[Items from a data source]
________________

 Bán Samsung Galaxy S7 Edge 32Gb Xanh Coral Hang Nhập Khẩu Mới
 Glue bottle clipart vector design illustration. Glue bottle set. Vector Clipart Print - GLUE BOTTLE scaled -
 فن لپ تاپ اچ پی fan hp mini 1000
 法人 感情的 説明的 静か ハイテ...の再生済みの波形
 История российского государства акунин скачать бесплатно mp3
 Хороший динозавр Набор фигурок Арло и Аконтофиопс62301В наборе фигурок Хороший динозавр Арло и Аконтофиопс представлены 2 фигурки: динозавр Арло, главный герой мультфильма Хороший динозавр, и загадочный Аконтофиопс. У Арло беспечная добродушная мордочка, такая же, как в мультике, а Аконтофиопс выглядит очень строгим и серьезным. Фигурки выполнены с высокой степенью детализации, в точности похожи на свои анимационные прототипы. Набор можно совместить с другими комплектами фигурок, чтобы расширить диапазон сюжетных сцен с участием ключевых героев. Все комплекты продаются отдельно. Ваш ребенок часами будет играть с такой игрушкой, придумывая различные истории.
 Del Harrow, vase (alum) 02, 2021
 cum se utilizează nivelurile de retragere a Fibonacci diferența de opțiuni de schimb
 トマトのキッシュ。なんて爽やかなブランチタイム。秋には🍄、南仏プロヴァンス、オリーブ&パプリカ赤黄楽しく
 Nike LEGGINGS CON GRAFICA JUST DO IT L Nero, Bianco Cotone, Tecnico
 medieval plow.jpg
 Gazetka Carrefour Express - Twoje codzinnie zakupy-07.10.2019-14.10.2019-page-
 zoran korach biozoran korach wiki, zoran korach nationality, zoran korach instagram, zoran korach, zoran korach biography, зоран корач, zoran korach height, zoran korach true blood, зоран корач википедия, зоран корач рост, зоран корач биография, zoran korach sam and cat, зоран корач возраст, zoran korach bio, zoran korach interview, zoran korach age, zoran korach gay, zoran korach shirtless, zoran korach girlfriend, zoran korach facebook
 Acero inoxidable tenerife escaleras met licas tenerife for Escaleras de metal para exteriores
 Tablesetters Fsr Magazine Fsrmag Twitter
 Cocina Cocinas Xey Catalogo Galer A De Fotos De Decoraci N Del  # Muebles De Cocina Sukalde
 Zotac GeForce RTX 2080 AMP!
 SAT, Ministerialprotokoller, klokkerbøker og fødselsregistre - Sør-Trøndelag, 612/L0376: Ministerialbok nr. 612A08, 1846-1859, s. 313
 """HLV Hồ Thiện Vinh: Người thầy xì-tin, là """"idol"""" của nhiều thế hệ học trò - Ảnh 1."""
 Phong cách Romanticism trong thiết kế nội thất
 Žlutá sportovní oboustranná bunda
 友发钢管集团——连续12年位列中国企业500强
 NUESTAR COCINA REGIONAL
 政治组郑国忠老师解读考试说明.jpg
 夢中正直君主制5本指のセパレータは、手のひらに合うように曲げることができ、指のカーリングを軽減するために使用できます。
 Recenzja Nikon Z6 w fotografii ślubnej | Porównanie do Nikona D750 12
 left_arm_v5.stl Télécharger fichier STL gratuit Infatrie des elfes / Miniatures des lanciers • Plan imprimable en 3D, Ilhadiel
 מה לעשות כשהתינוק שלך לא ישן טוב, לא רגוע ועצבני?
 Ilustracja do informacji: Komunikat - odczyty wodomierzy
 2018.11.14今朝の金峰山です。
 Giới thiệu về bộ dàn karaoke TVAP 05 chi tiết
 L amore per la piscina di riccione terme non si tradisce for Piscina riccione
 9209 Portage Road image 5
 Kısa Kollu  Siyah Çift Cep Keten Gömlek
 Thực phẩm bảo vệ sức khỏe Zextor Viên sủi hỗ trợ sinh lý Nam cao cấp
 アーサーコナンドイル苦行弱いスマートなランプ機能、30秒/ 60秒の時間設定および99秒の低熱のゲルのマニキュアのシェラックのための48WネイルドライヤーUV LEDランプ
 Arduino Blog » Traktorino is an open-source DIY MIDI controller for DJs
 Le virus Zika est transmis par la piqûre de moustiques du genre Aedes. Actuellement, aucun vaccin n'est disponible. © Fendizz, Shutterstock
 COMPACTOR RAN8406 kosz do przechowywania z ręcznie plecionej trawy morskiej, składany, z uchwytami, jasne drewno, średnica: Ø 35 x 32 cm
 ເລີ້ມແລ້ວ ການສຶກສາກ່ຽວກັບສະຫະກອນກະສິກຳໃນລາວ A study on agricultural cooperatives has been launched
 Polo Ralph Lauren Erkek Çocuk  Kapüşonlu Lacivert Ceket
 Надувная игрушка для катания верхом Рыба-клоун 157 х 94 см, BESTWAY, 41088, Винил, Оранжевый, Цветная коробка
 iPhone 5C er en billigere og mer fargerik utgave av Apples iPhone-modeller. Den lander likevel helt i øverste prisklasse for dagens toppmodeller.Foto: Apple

________________

● **Problem**:
Start to finish, copy the records above with no differences.

● **Finished exercise**:
 Bán Samsung Galaxy S7 Edge 32Gb Xanh Coral Hang Nhập Khẩu Mới
 Glue bottle clipart vector design illustration. Glue bottle set. Vector Clipart Print - GLUE BOTTLE scaled -
 فن لپ تاپ اچ پی fan hp mini 1000
 法人 感情的 説明的 静か ハイテ...の再生済みの波形
 История российского государства акунин скачать бесплатно mp3
 Хороший динозавр Набор фигурок Арло и Аконтофиопс62301В наборе фигурок Хороший динозавр Арло и Аконтофиопс представлены 2 фигурки: динозавр Арло, главный герой мультфильма Хороший динозавр, и загадочный Аконтофиопс. У Арло беспечная добродушная мордочка, такая же, как в мультике, а Аконтофиопс выглядит очень строгим и серьезным. Фигурки выполнены с высокой степенью детализации, в точности похожи на свои анимационные прототипы. Набор можно совместить с другими комплектами фигурок, чтобы расширить диапазон сюжетных сцен с участием ключевых героев. Все комплекты продаются отдельно. Ваш ребенок часами будет играть с такой игрушкой, придумывая различные истории.
 Del Harrow, vase (alum) 02, 2021
 cum se utilizează nivelurile de retragere a Fibonacci diferența de opțiuni de schimb
 トマトのキッシュ。なんて爽やかなブランチタイム。秋には🍄、南仏プロヴァンス、オリーブ&パプリカ赤黄楽しく
 Nike LEGGINGS CON GRAFICA JUST DO IT L Nero, Bianco Cotone, Tecnico
 medieval plow.jpg
 Gazetka Carrefour Express - Twoje codzinnie zakupy-07.10.2019-14.10.2019-page-
 zoran korach biozoran korach wiki, zoran korach nationality, zoran korach instagram, zoran korach, zoran korach biography, зоран корач, zoran korach height, zoran korach true blood, зоран корач википедия, зоран корач рост, зоран корач биография, zoran korach sam and cat, зоран корач возраст, zoran korach bio, zoran korach interview, zoran korach age, zoran korach gay, zoran korach shirtless, zoran korach girlfriend, zoran korach facebook
 Acero inoxidable tenerife escaleras met licas tenerife for Escaleras de metal para exteriores
 Tablesetters Fsr Magazine Fsrmag Twitter
 Cocina Cocinas Xey Catalogo Galer A De Fotos De Decoraci N Del  # Muebles De Cocina Sukalde
 Zotac GeForce RTX 2080 AMP!
 SAT, Ministerialprotokoller, klokkerbøker og fødselsregistre - Sør-Trøndelag, 612/L0376: Ministerialbok nr. 612A08, 1846-1859, s. 313
 """HLV Hồ Thiện Vinh: Người thầy xì-tin, là """"idol"""" của nhiều thế hệ học trò - Ảnh 1."""
 Phong cách Romanticism trong thiết kế nội thất
 Žlutá sportovní oboustranná bunda
 友发钢管集团——连续12年位列中国企业500强
 NUESTAR COCINA REGIONAL
 政治组郑国忠老师解读考试说明.jpg
 夢中正直君主制5本指のセパレータは、手のひらに合うように曲げることができ、指のカーリングを軽減するために使用できます。
 Recenzja Nikon Z6 w fotografii ślubnej | Porównanie do Nikona D750 12
 left_arm_v5.stl Télécharger fichier STL gratuit Infatrie des elfes / Miniatures des lanciers • Plan imprimable en 3D, Ilhadiel
 מה לעשות כשהתינוק שלך לא ישן טוב, לא רגוע ועצבני?
 Ilustracja do informacji: Komunikat - odczyty wodomierzy
 2018.11.14今朝の金峰山です。
 Giới thiệu về bộ dàn karaoke TVAP 05 chi tiết
 L amore per la piscina di riccione terme non si tradisce for Piscina riccione
 9209 Portage Road image 5
 Kısa Kollu  Siyah Çift Cep Keten Gömlek
 Thực phẩm bảo vệ sức khỏe Zextor Viên sủi hỗ trợ sinh lý Nam cao cấp
 アーサーコナンドイル苦行弱いスマートなランプ機能、30秒/ 60秒の時間設定および99秒の低熱のゲルのマニキュアのシェラックのための48WネイルドライヤーUV LEDランプ
 Arduino Blog » Traktorino is an open-source DIY MIDI controller for DJs
 Le virus Zika est transmis par la piqûre de moustiques du genre Aedes. Actuellement, aucun vaccin n'est disponible. © Fendizz, Shutterstock
 COMPACTOR RAN8406 kosz do przechowywania z ręcznie plecionej trawy morskiej, składany, z uchwytami, jasne drewno, średnica: Ø 35 x 32 cm
 ເລີ້ມແລ້ວ ການສຶກສາກ່ຽວກັບສະຫະກອນກະສິກຳໃນລາວ A study on agricultural cooperatives has been launched
 Polo Ralph Lauren Erkek Çocuk  Kapüşonlu Lacivert Ceket
 Надувная игрушка для катания верхом Рыба-клоун 157 х 94 см, BESTWAY, 41088, Винил, Оранжевый, Цветная коробка
 iPhone 5C er en billigere og mer fargerik utgave av Apples iPhone-modeller. Den lander likevel helt i øverste prisklasse for dagens toppmodeller.Foto: Apple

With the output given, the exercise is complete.